Candie exclaimed. "Cool place."
"WHAT?"
Jay shrieked. Candie blinked and looked around. Jay blinked desperately, and
repeated it again, this time making it sound more like a bird's squawk.
The
horse hadn't even stopped yet, but she jumped down - and landed hard.
Legolas
stopped the horse abruptly. "Are you OK? Are you hurt?" he cried.
Candie laughed out loud. She was so used to falling from her skateboard while
trying dangerous tricks that this was nothing next to it. "I'm fine,
man," she said. She threw down all her stuff, grabbed her skate and ran to
the rail that separated the firm land from the river.
"Where
were they before?" Rhus wondered for a moment, before shrugging and
putting it down to badfic geography. Suddenly there came a rumbling in the
background.
[Author's
note: I'm not sure it was a river. I just remember there was that water in
Rivendell.. You see it in the movie.]
The
deafening noise of the words rang in their ears. "AAAAAAARGH!" Jay
cried, throwing herself to the ground. Rhus joined her after a moment. For some
reason it was better nearer to the river.
"STUPID
STUPID STUPID STUPID!" Jay started to beat her head on the ground. Then
she remembered what Legolas had said: "you have no business being in my
woods." She began to beat her head harder.
"They
were in Mirkwood, weren't they?" Rhus groaned, remembering.
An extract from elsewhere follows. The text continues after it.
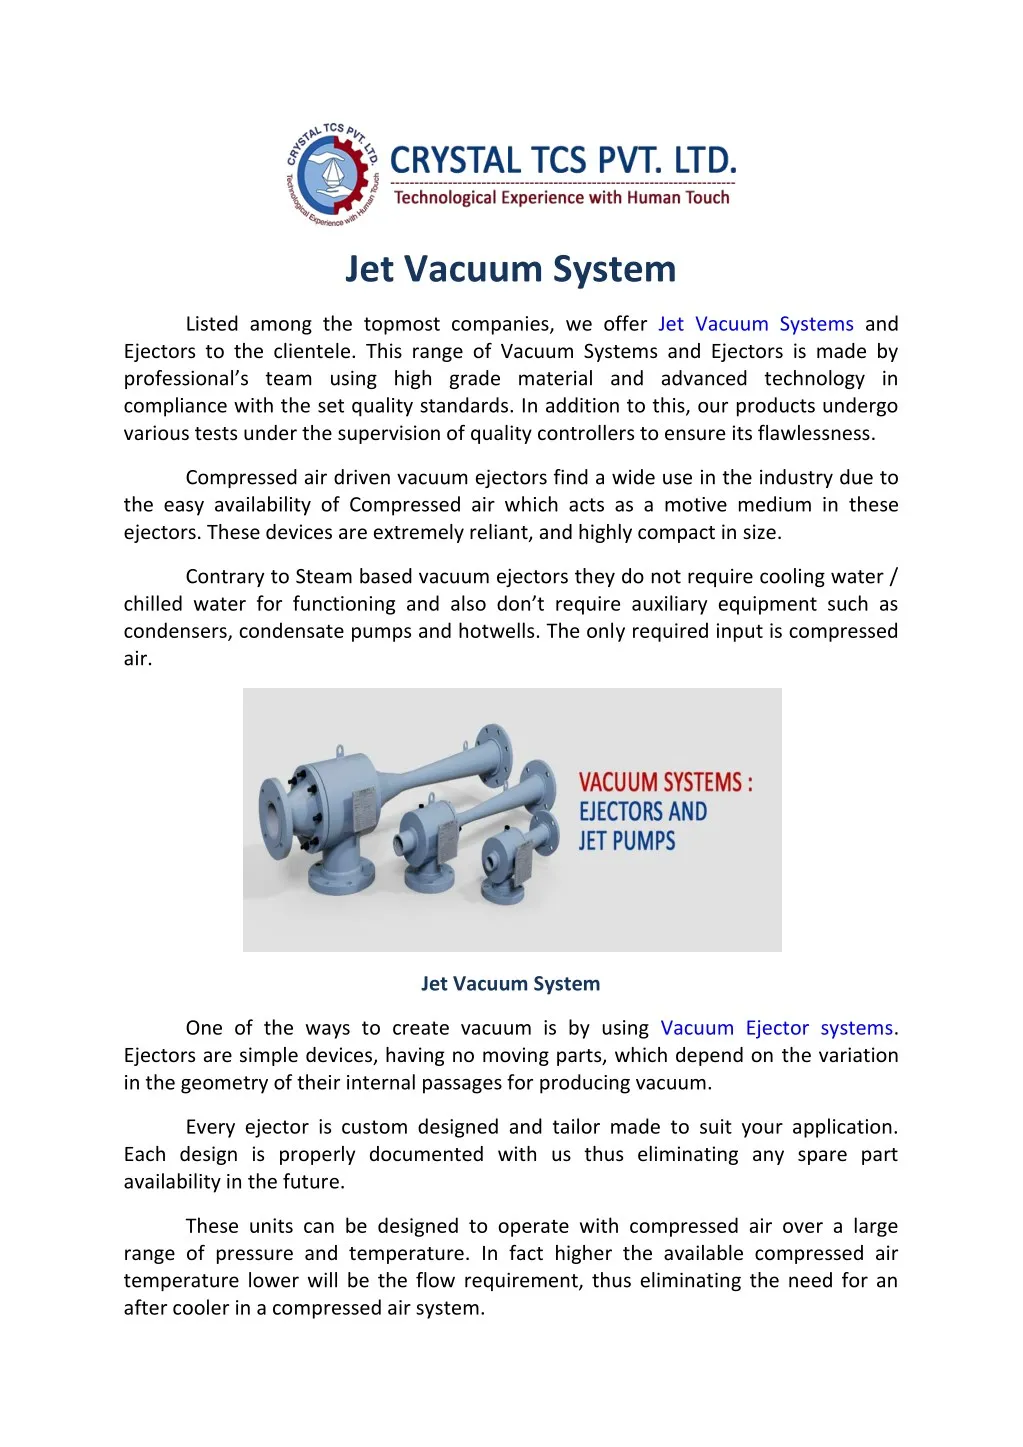 jet vacuum system listed among the topmost

"Mirkwood, five minutes to Rivendell. Jeesh."
Candie
showed off her sk8er skillz by doing a grind
along the railing that had appeared between water and land. It was a white
boarwalk railing, and looked rather incongruous. She fell; Legolas yelled at
her for endangering herself.
"Oh
please, it's not like you care," Candie shot back angrily.
Jay
rolled her eyes. Then she looked at the words, and stiffened....
At
the same moment Elrond ran out of the Palace of Rivendell screaming: "What
is going on here? Who is this mortal who's wrecking the railings?"
"Hey
man," Candie said, slapping Elrond a high five.
Rhus
looked at Jay, who seemed catatonic with shock. "Jay...?" she
ventured, poking her erstwhile partner gently.
"Nnngn,"
Jay managed. Her eyes were as wide as saucers-- although in the interest of
accuracy, very -small- saucers.
"Oh,
so it's that way, is it?" Rhus said, wincing a bit at painful memories of
similar treatment to Aragorn. "It'll be all right..."
"...gggh..."
Legolas
shot Elrond an apologetic look. "We've just found her in the woods. I
don't know where she's from. Another world, she says. I'll explain later."
"OK,
could someone please accompany her to the Palace?" Elrond asked. "And
get her some appropriate clothing." As Elrond spoke, his jaw
clenched; he was practically pushing the words through gritted teeth.
"No,
No, No, No, No, NO, NO.…”
Rhus, in
the interest of science, pointed her Character Analysis Device at Elrond. It
immediately began smoking, and, under her bemused gaze, grew horns and started
writhing. "ELROND HALFELVEN OUT OF CHARACTER BLUE AND A HALF PERCENTISH
ELLYSTRINGBEAN *fizz* *beep*", displayed the screen, and then went dead.
Candie
followed him into Rivendell, and immediately settled in. For once, a Sue
registered the aura Rivendell projected-- that of warmth and caring-- though
she was corrupting it, and immediately settled in.
The
agents didn't manage such comfort.
"It
doesn't say anything until tomorrow morning," Rhus mused, riffling through
the words.
"...she
gave him a high five..." Jay mumbled, staring into the distance. Her eyes
were glassy. Rhus rolled her eyes.
"Come
on, Jay..." she said gently, leading her partner to a deserted-looking
spot beneath a tree. "Now, Rhus is getting very tired. Rhus is going to
sleep now. Try not to get yourself into trouble." Her well-honed survival
instincts kicking in immediately, Rhus was soon snoring away beneath the tree.
Candie
was awoken by the knocking on her door. "Dammit," she muttered.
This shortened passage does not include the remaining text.